Pemeriksaan Massal Digelar 2 Minggu di Stabat, Bekas Anak Buah Syamsul Tegang Diperiksa KPK


sumber : pos metro medan

Satpol PP menjaga ruang pemeriksaan.


STABAT-Kedatangan tim penyidik Komisi Pemberantas Korupsi (KPK) kontan membuat suasana komplek perkantoran Bupati Langkat di Stabat, kemarin (8/12) pagi, jadi tak seperti biasa. Para staf dan pimpinan SKPD (Satuan Kerja Perangkat Daerah) masing-masing terlihat tegang, sibuk hilir mudik. Lorong panjang tempat para staf dan warga biasa lalu lalang menuju ruang – ruang kerja di sana juga tampak lengang.

Seperti telah heboh belakangan ini, kedatangan KPK guna memeriksa sejumlah pimpinan SKPD, termasuk para bendahara dinas dan pejabat terkait yang tersangkut dugaan korupsi Rp 102 miliar di jaman Bupati Syamsul Arifin yang kini Gubernur Sumatera Utara (Gubsu).

Semua anak buah Syamsul di jaman 2 periode kepemimpinannya di Langkat itu terlihat berkumpul di lantai 2 kantor bupati sebelum kemudian ‘digiring’ masuk ke aula guna diperiksa KPK. Sekitar pukul 09.05, pemeriksaan dimulai. Puluhan personil Satpol-PP disiagakan menjaga pintu masuk dan keluar.

Tak seorang pun dibolehkan masuk ke aula selain pejabat yang dipangil. Selang beberapa jam pemeriksaan digelar, satu per satu pejabat yang diperiksa tampak ke luar dari aula. Raut wajah mereka tampak kusut seperti memikirkan beban berat. Satu dari sekian pejabat yang diperiksa adalah Drs. H. Suhyar Mulianto, Kepala Dinas Pendapatan (Kadispenda) Langkat.

“Nggak ada masalah, biasa aja, pemeriksaanya terkait dugaan korupsi Rp 102 miliar itu, jadi petugas KPK nya datang untuk klarifikasi,” Sukyar seperti berusaha menutupi ketegangannya saat ditanya reporter POSMETRO MEDAN, Darwis Sinulingga, yang menjegatnya saat ke luar dari aula.

“Kalau masalah uang itu, kayaknya sudah dikembalikan, sebab waktu itu ada surat dari Bupati yang menyarankan pengembaliannya, tapi saya lupa tanggal persisnya, yang pasti Bendahara Linmas tahu itu,” jawab tergesa mantan orang nomor satu di Kesbang Linmas Langkat itu saat dicecar soal temuan BPK yang menyebut dirinya menerima dana bantuan Muspida Plus per triwulan tahun 2007. Suhyar, pemilik Kolam Renang Dendang Tirta itu langsung buru-buru meninggalkan wartawan Anda.

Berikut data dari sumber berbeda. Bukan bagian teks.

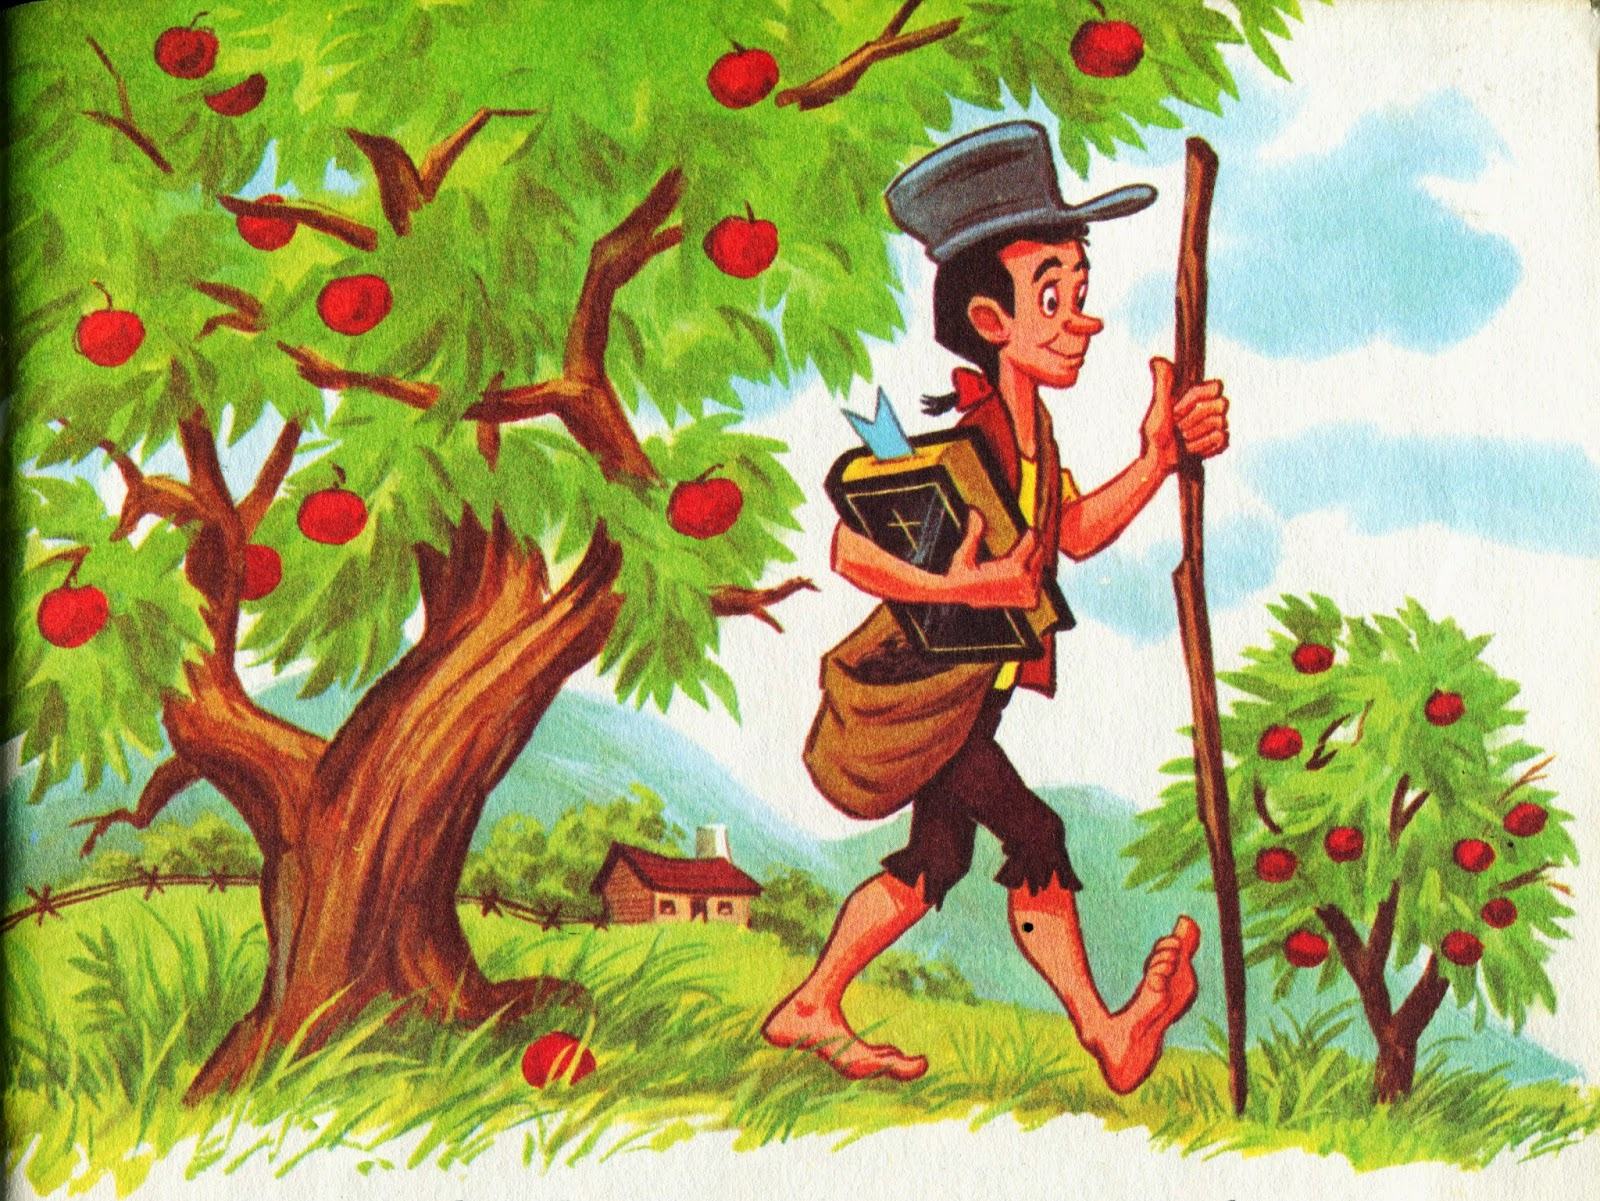 johnny appleseed birthday Happy Birthday Johnny Appleseed! – Family Christian Center Preschool johnny appleseed birthday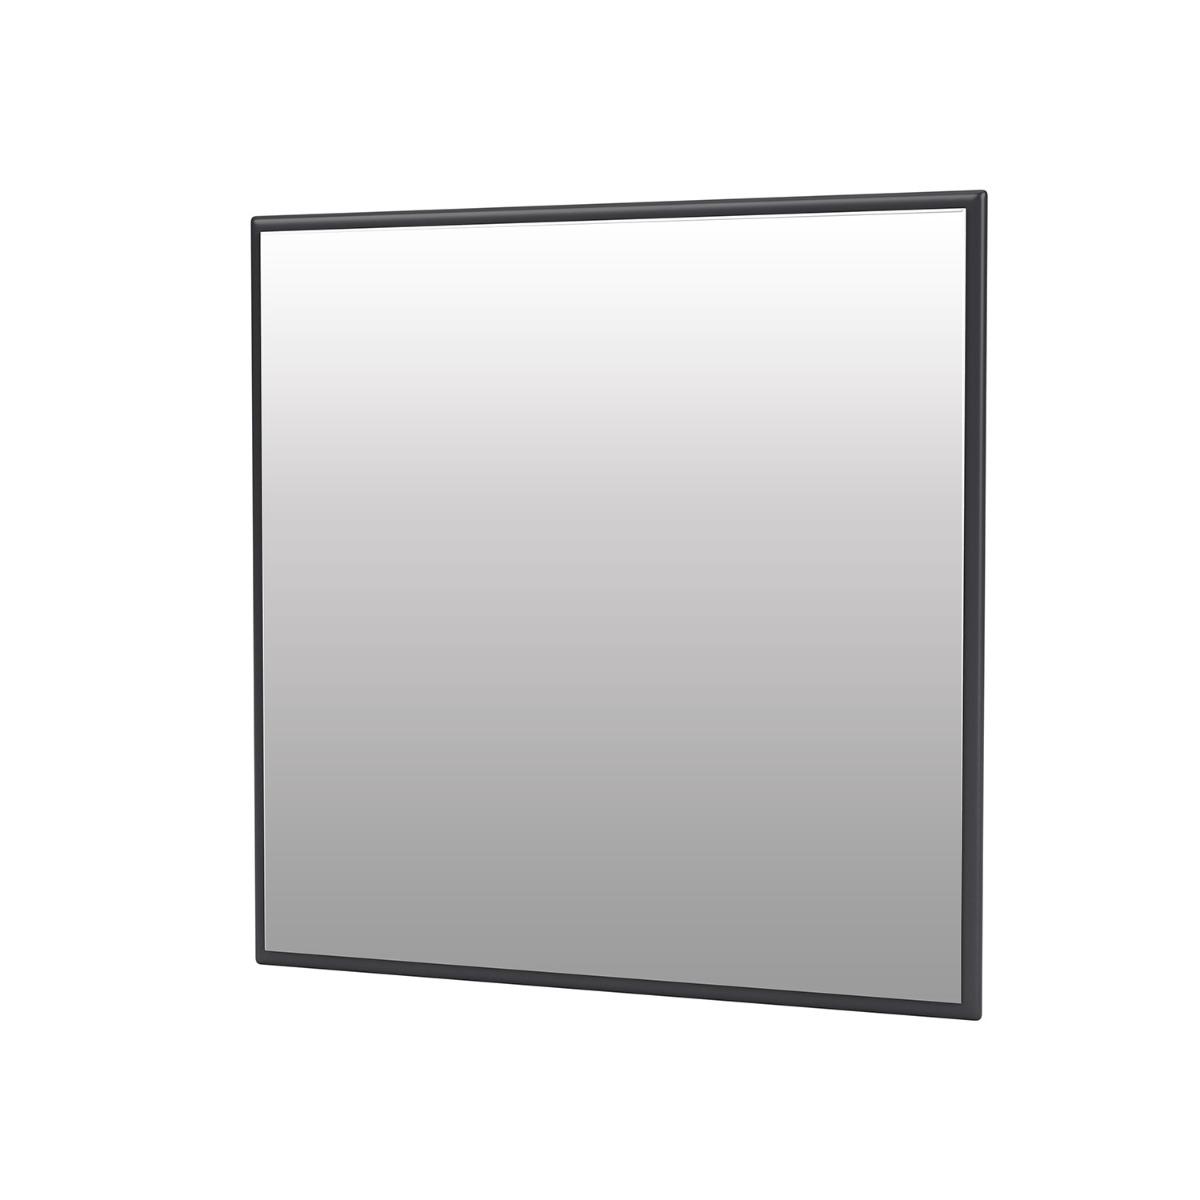 Montana Mini Spegel Fyrkantig 35x35 cm Anthracite

Soal pemeriksaan massal itu, Sekdakab Langkat, Drs. H Surya Djaisa tak mau berkomentar banyak. “Saya tidak berhak mengomentari,” katanya. Pun begitu, dia mengaku, turunnya KPK ke Langkat karena banyaknya jumlah pejabat yang diperiksa, meski sebelumnya beberapa telah diperiksa di Jakarta. Lagi pula, “Biar efisien, hemat waktu,” sambung Kabag Keuangan era Bupati Syamsul Arifin itu.

Tim KPK yang berjumlah 10 orang diketahui berada di Langkat hingga 2 Minggu ke depan. Sesuai surat pemberitahuan mereka sebelumnya pada Pemkab Langkat, selain terhadap sejumlah pejabat, pemeriksaan juga diarahkan pada beberapa mantan anggota DPRD Langkat dan rekanan proyek di jaman Syamsul Arifin. “Kalau saya nggak salah, besok (Rabu 9/12) masih pemeriksaan terhadap SKPD dan bendaharawan, sedangkan Kamisnya, mungkin mantan anggota DPRD Langkat dan seterusnya rekanan,” tandas Surya. (sal)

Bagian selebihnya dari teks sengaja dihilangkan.